For a given time series which is n timestamps in length, we can take Discrete Wavelet Transform (using 'Haar' wavelets), then we get (for an example, in Python) -
>>> import pywt
>>> ts = [2, 56, 3, 22, 3, 4, 56, 7, 8, 9, 44, 23, 1, 4, 6, 2]
>>> (ca, cd) = pywt.dwt(ts,'haar')
>>> ca
array([ 41.01219331, 17.67766953, 4.94974747, 44.54772721,
12.02081528, 47.37615434, 3.53553391, 5.65685425])
>>> cd
array([-38.18376618, -13.43502884, -0.70710678, 34.64823228,
-0.70710678, 14.8492424 , -2.12132034, 2.82842712])
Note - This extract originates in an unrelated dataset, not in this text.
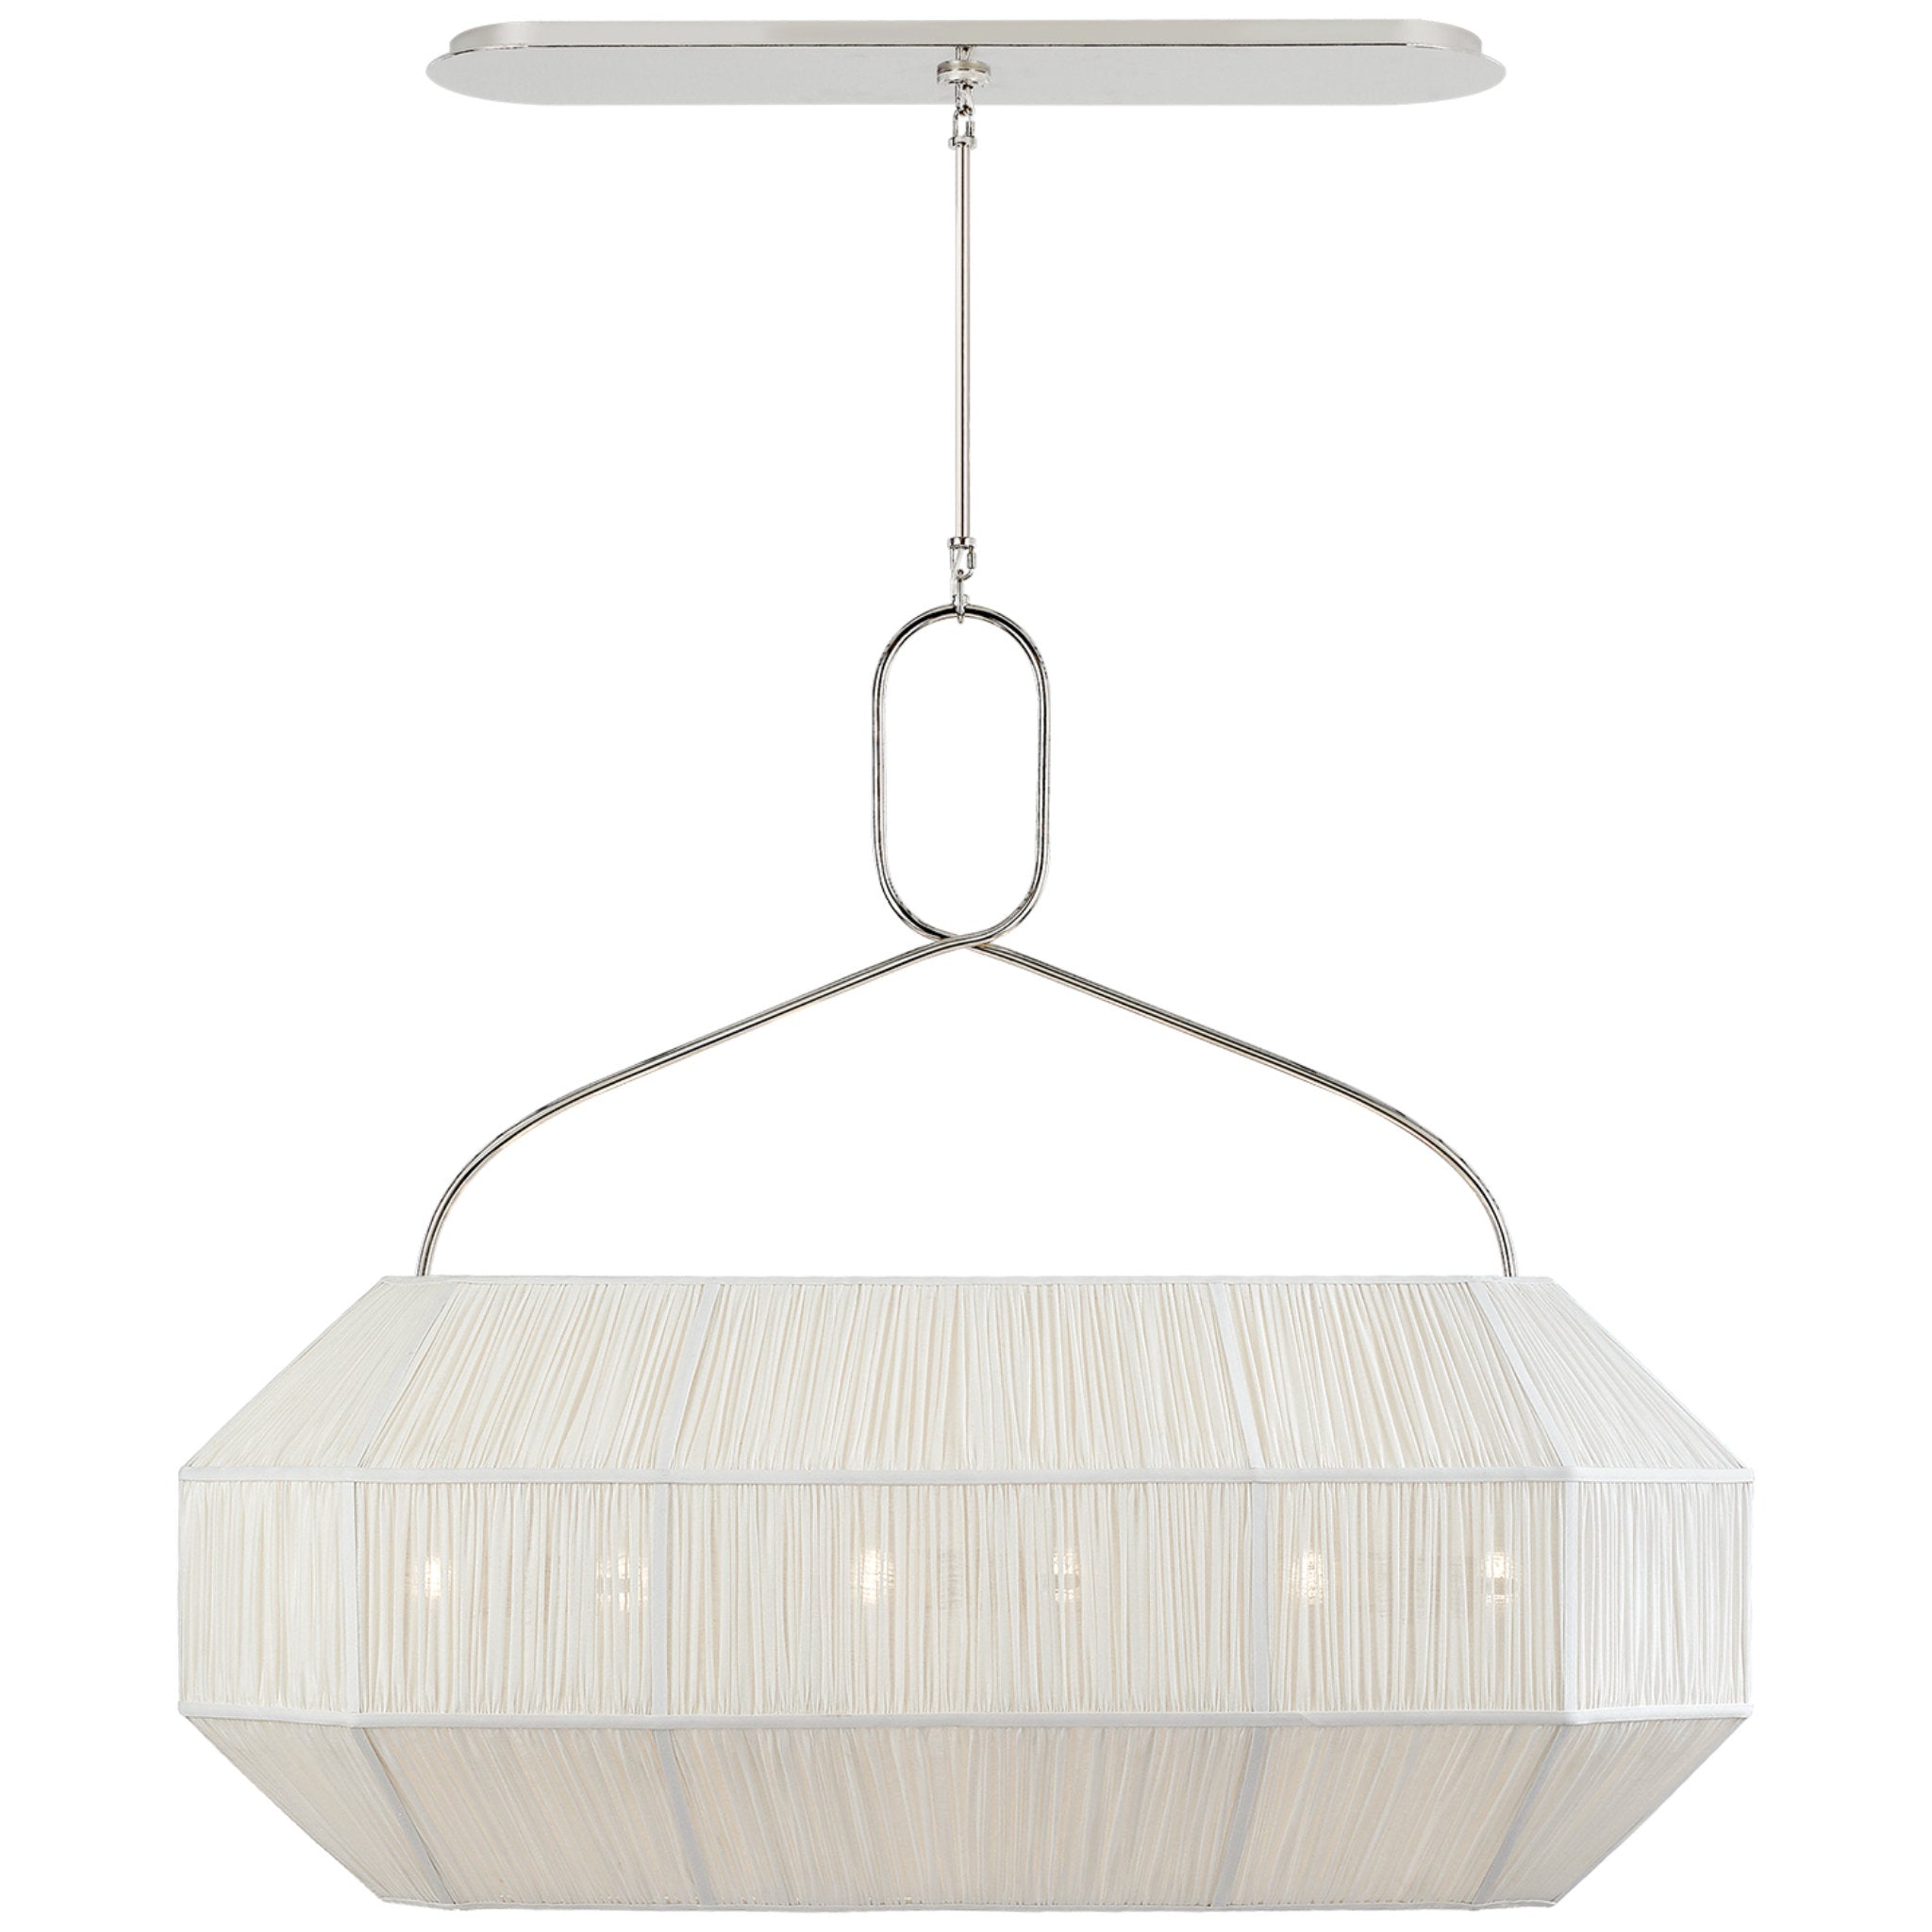 Kelly Wearstler Forza Medium Linear Lantern in Polished Nickel with Gathered Linen Shade

where ca and cd are approximation and detailed coefficients. Now if I use all of them I can construct my original time series back using inverse DWT. But instead I want to use a fewer coefficients (like in Fourier Transform if we use only first few coefficients, we can approximately reconstruct the original time series). If I just use ca
or just use cd
I don't get the desired results. If I use only we coefficients from each of them (like first 4), I get only half of the time series.
How should I select the coefficients (from ca
and cd
) so that I can approximately create the original signal from them (i.e. most of its energy)?